** Collected material **
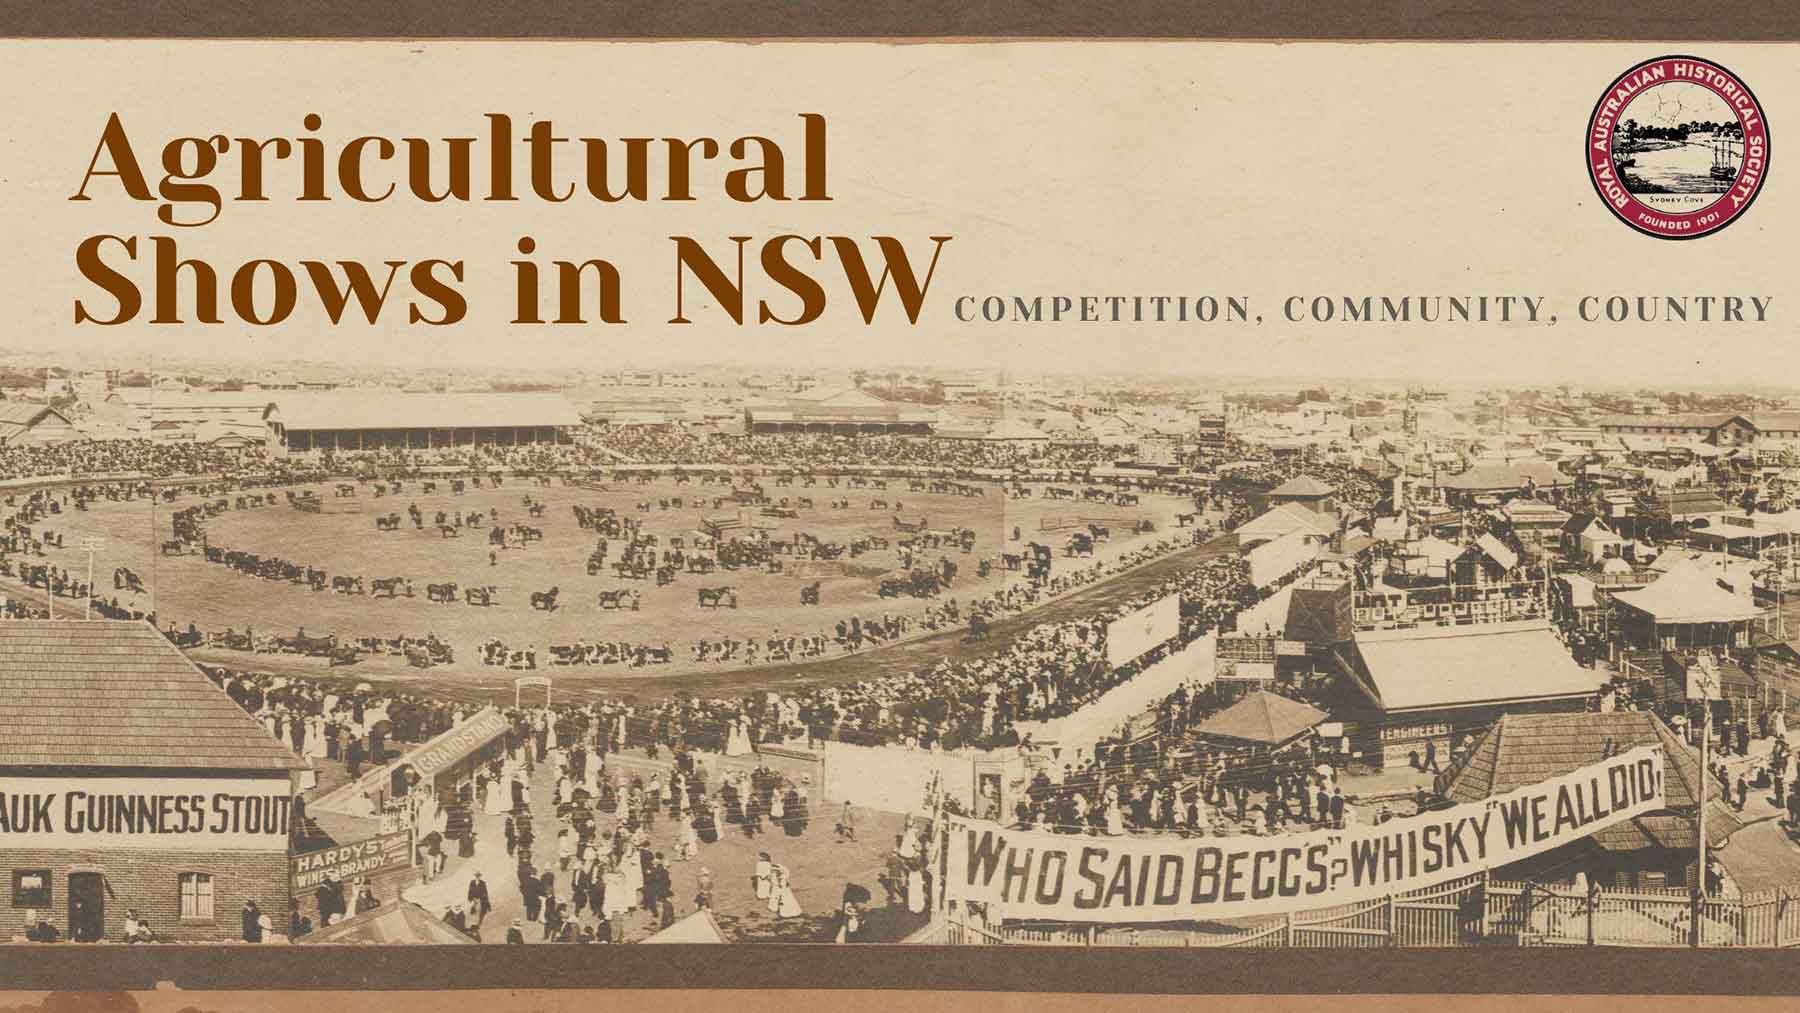 A sepia photograph of a historical agricultural show in New South Wales Australia
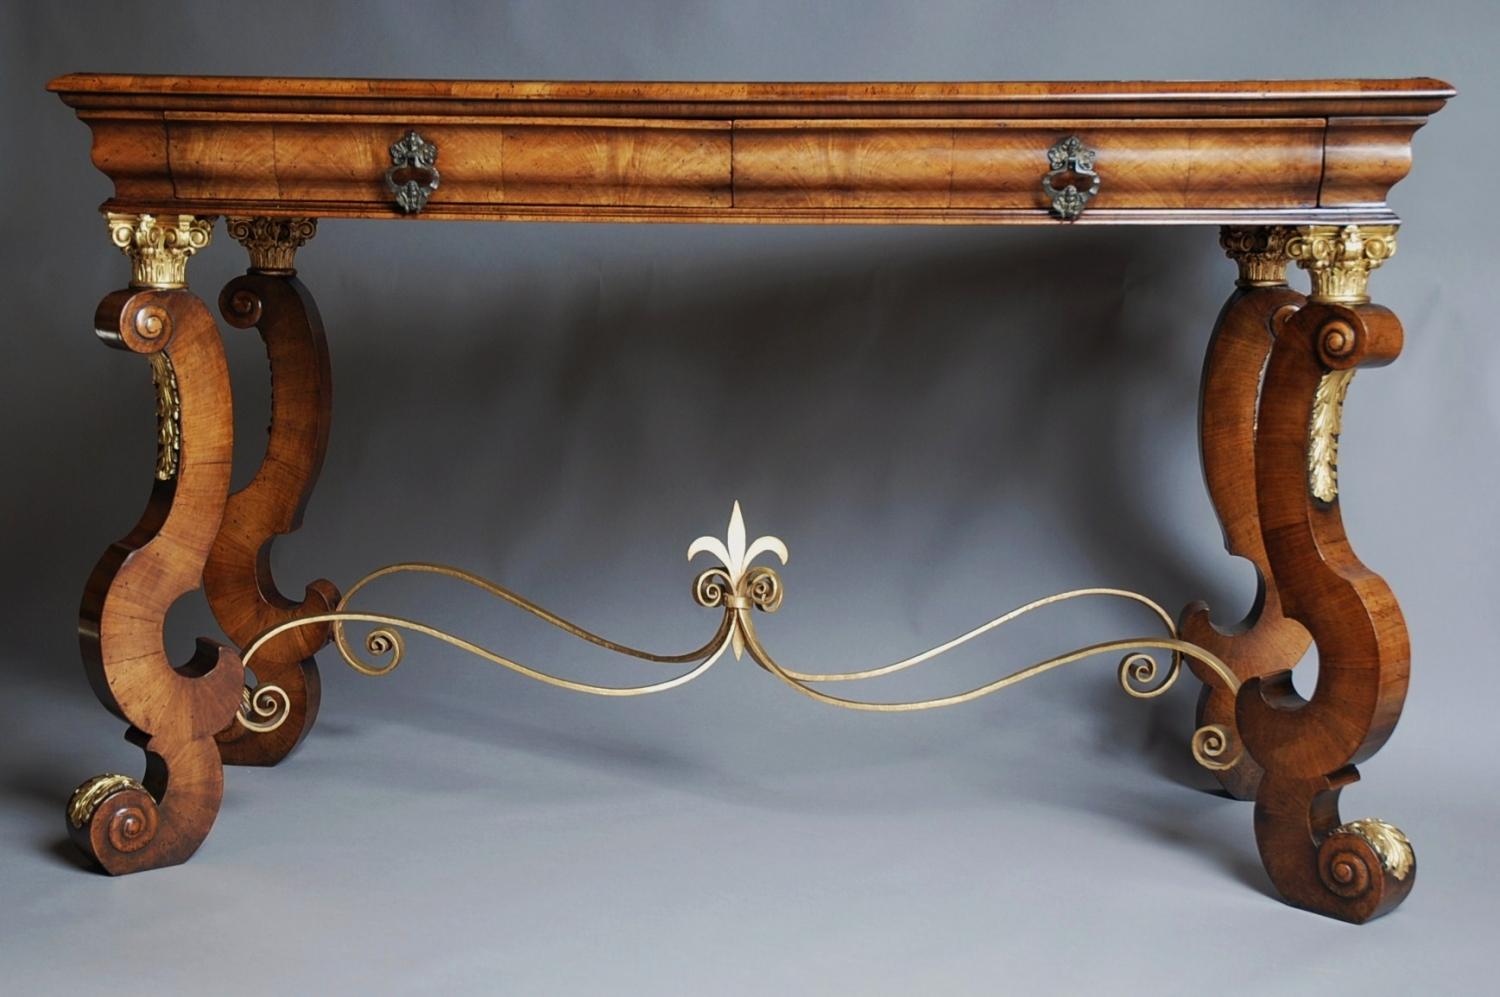 Highly decorative walnut console table
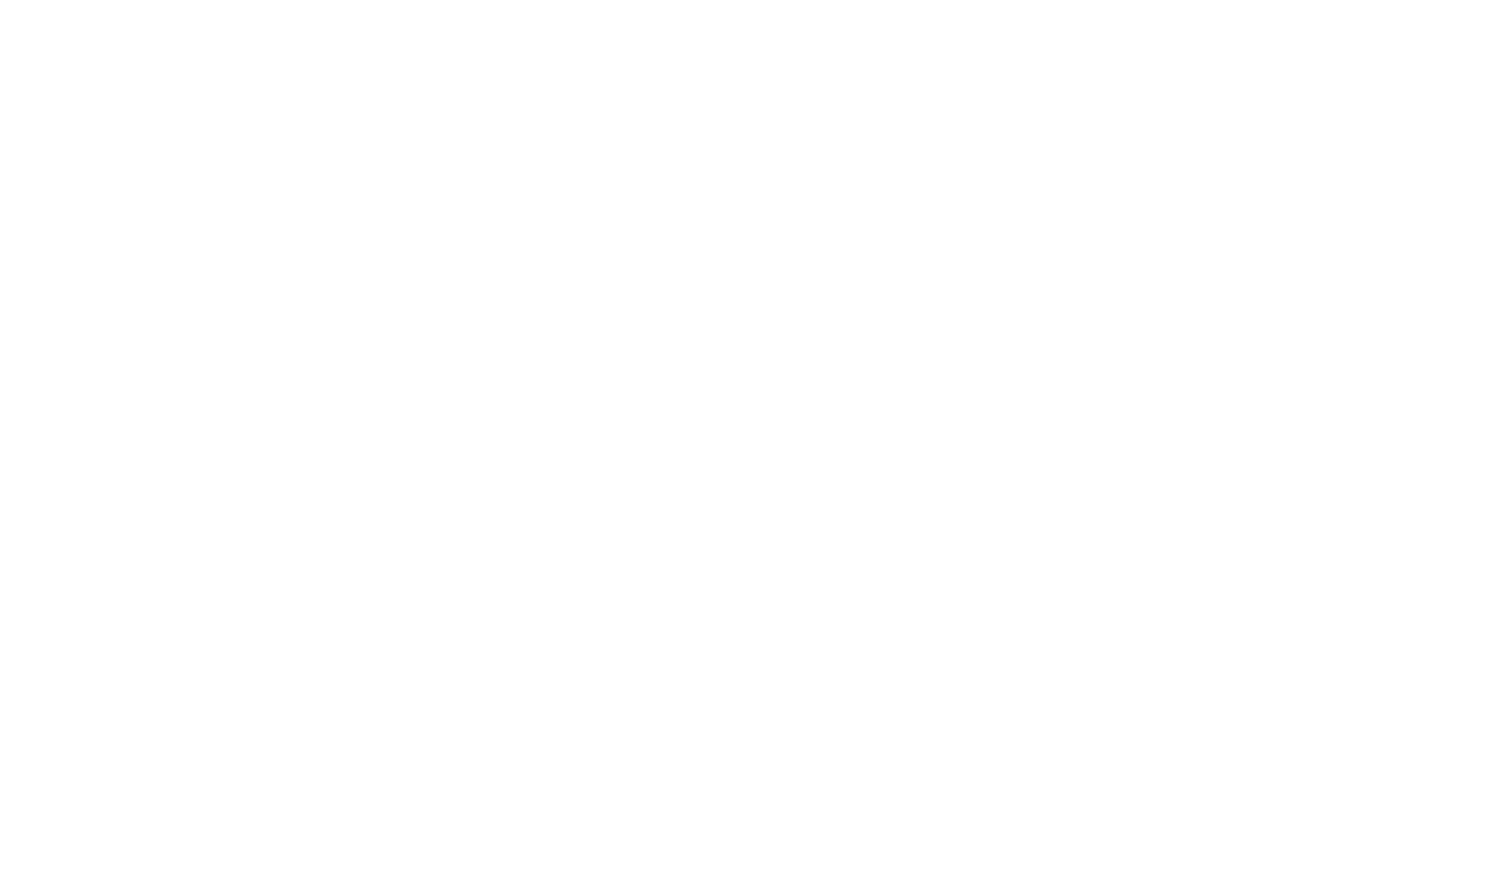 Lydian Collective

** Task **
An exact, word-for-word version of the material is required, free of pictures.

** Answer section **
 A sepia photograph of a historical agricultural show in New South Wales Australia
 Highly decorative walnut console table
 Lydian Collective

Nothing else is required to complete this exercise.